If the above is not the issue:

  • Verify that the ESX/ESXi Server Management service on the ESX/ESXi host is running. 

/etc/init.d/hostd status
/etc/init.d/vpxa status

  • Verify that the vCenter Server Appliance Management Interface (VAMI) from the client can be accessed.
  • Verify that the port group of the vCenter is configured with two vNICs to eliminate a NIC or a physical configuration issue.
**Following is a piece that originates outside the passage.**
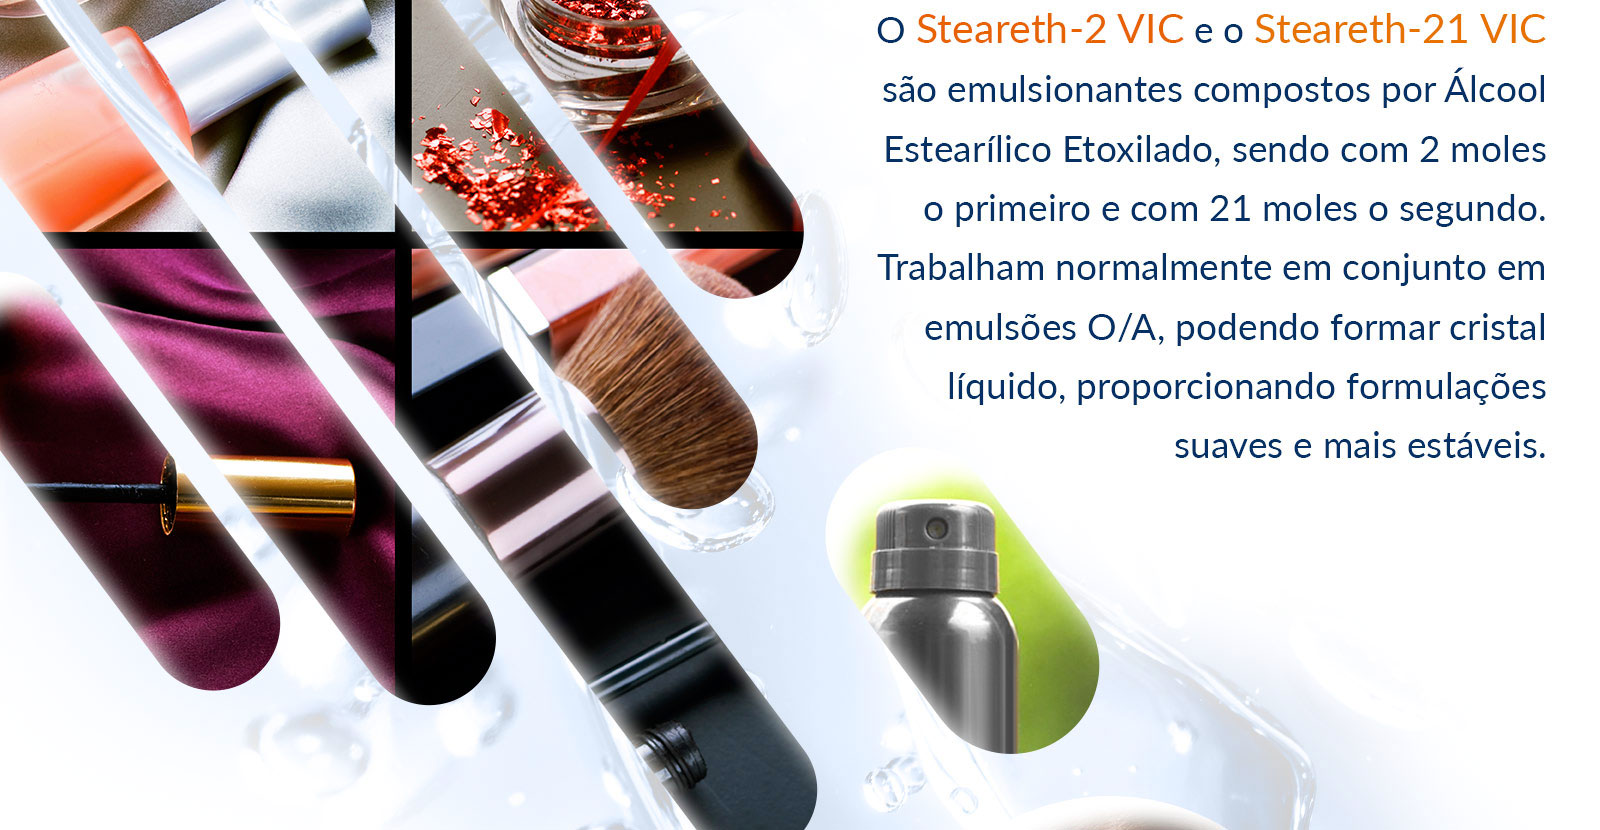 O Steareth-2 VIC e o Steareth-21 VIC são emulsionantes compostos por Álcool Estearílico Etoxilado, sendo com 2 moles o primeiro e com 21 moles o segundo. Trabalham normalmente em conjunto em emulsões O/A, podendo formar cristal líquido, proporcionando formulações suaves e mais estáveis.

To isolate a possible issue:
     
    • If the load balancing policy is set to Default Virtual Port ID at the vSwitch or vDS level:
             Leave one vNIC connected with one uplink on the vSwitch or vDS, then try different vNIC and pNIC combinations until you determine where the vcenter VM is losing connectivity.
    •  If the load balancing policy is set to IP Hash:
      Ensure the physical switch ports are configured as port-channel. For more information on verifying the configuration on the physical switch, see Configure Distributed Switch with an EtherChannel (or port channel) and Example Configuration of LACP on VMware, Cisco, HP, Dell switches. Shut down all but one of the physical ports the NICs are connected to, and toggle this between all the ports. by keeping only one port connected at a time. Take note of the port/NIC combination where the vCenter VM loses network connectivity. 
    • You can also check the esxtop output using the n option (for networking) to see which pNIC the virtual machine is using. Try shutting down the ports on the physical switch one at a time to determine where the vcenter VM is losing network connectivity. This also rules out any misconfiguration on the physical switch port(s).
  • To recover the vCenter network when connected to a distributed switch with a single vmnic, we can build a temporary Standard Switch where we will connect vCenter to recover from the network down scenario. Then we make the necessary changes in the DVS to return to a good state.

Additional Information

NOTE: If the vmnics are in an LACP configuration, that will need to be broken on the physical switch to avoid downtime. Follow Configuring LACP on a vSphere Distributed Switch Port Group for steps on how to work with an LACP configuration.

If you do not have 2 vmnics in the ESXi, it is recommended that you follow these steps via DCUI Shell. Otherwise, you will lose access to SSH when you run the status down vmnic command and won’t be able to continue with the process.